Parliament on Tuesday approved the 2018 Budget and Economic Policy after a gruelling concluding debate between the Majority Leader, Mr Osei Kyei-Mensah-Bonsu, and the Minority Leader, Mr Haruna Iddrisu.
The Minister of Finance, Mr Ken Ofori-Atta, presented the budget to Parliament on November 15, 2017 and the debate on it began on November 21, 2017, with Majority and Minority Members of Parliament (MPs) slugging it out in many areas.
As anticipated, Tuesday’s concluding debate, which was witnessed by the Finance Minister, was a contest as to which political party in government was the better manager of the economy.
There was also a clash between Mr Kyei-Mensah-Bonsu and Mr Iddrisu concerning the true state of the economy.
With the passage of the budget, the next move by Parliament is to consider and approve the annual budget estimates of the various ministries, departments and agencies (MDAs).
Minority Leader's take
Mr Iddrisu, who set the tone for the debate, accused the government of dwelling so much on slogans without focusing on the work, saying, "Go to work and stop the slogans."

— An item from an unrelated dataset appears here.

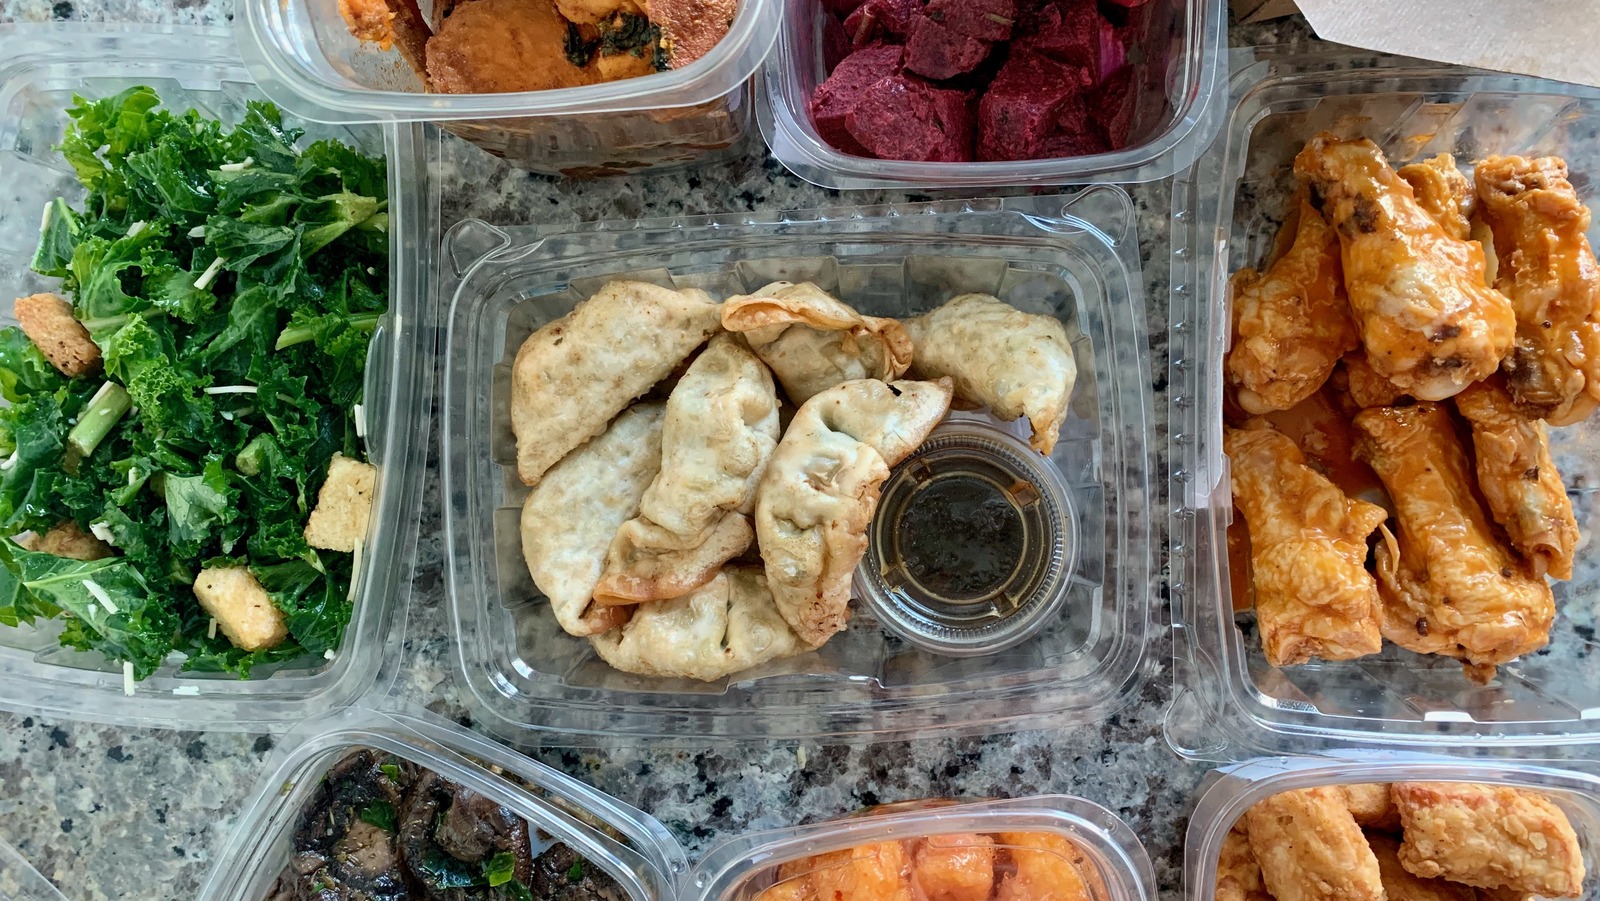 Prepack Cold Salad, 10 oz at Whole Foods Market

He faulted the government for allocating GH¢13 million to Ghana Bauxite and Aluminium Resources, which was not a legal authority.
"The NDC Minority will resist this illegality when we come to appropriation. Majoritarian rule cannot side step the laws of the land," he cautioned.
He also said the GH¢400 million allocated for insurance for the agricultural sector was too high.
Mr Iddrisu said the free senior high school (SHS) policy had been moved from the Ministry of Education to the Office of Government Machinery or the Presidency.
For instance, he said, GH¢1.137 billion had been allocated to the Office of Government Machinery for the free SHS policy, instead of to the ministry responsible for Education.
He said the free policy had also been denied parents whose children were in the second and third years in SHS.
That, he said, was discriminatory, since the New Patriotic Party's (NPP’s) campaign promise had been to make SHS education free for all students.
The Minority Leader said government policies to create employment were not sustainable.
For instance, he said, the GH¢600 million allocated for the recruitment of 100,000 graduates under the National Builders Corps would see each graduate employee taking only GH¢500 monthly.
Mr Iddrisu said it was the erstwhile National Democratic Congress (NDC) government that laid the solid foundation for the current macroeconomic gains in the country.
He said the NPP was only reaping the benefit and asked the government to acknowledge the achievements of the past government and build upon them.
He rejected the suggestion by the Minister of Finance that it was this government that ended the power outages (dumsor) that had plagued the country for about four years.
"The NPP inherited an economy where energy was guaranteed in terms of expansion," he said.
Taking his turn, Mr Kyei-Mensah-Bonsu defended the budget as a “fit-for-purpose budget” that must be supported by all.
He said the budget, which was prepared by the Minister of Finance and his competent lieutenants, contained policies to grow the economy and create jobs to improve the living standards of the people.
He said the budget focused on ensuring macroeconomic stability, industrial transformation, the promotion of agriculture and the creation of opportunities for the private sector.
He said the thrust of the budget, as envisioned by the President, was to create opportunities for all.
The Majority Leader said the government was laying a proper foundation to propel the country's socio-economic development.
"Proper foundation is being laid to grow the economy in leaps and bounds. We are working together as one nation to put Ghana back to work," he said.
Mr Kyei-Mensah-Bonsu said the economic performance of the Mills and the Mahama administrations was not impressive.
He said the NPP government had demonstrated that it performed better than the NDC in the management of the economy.
"The fact is that the NPP is a better manager of the economy," he said.
The Majority Leader said it was wrong for the Minority to indicate that the current government had not added a volt of power to the national grid since assuming the reins of power 11 months ago.
He said no government, in the country's history, had been able to add any power to the national grid in its first year.
He said the budget had made provisions for the creation of many jobs for the youth, especially in the agricultural sector.
Mr Osei-Kyei-Mensah said although the GH¢500 monthly allowance for each graduate who would be engaged under the National Builders Corps "is not enough, it is a useful beginning".
Delivering his final comments, Mr Ofori-Atta said the government was laying the foundation to propel the country's socio-economic development and bring Ghana back to work.
Besides, he said, the government's key policies of free SHS, Planting for Food and Jobs and one-district, one-factory were being implemented.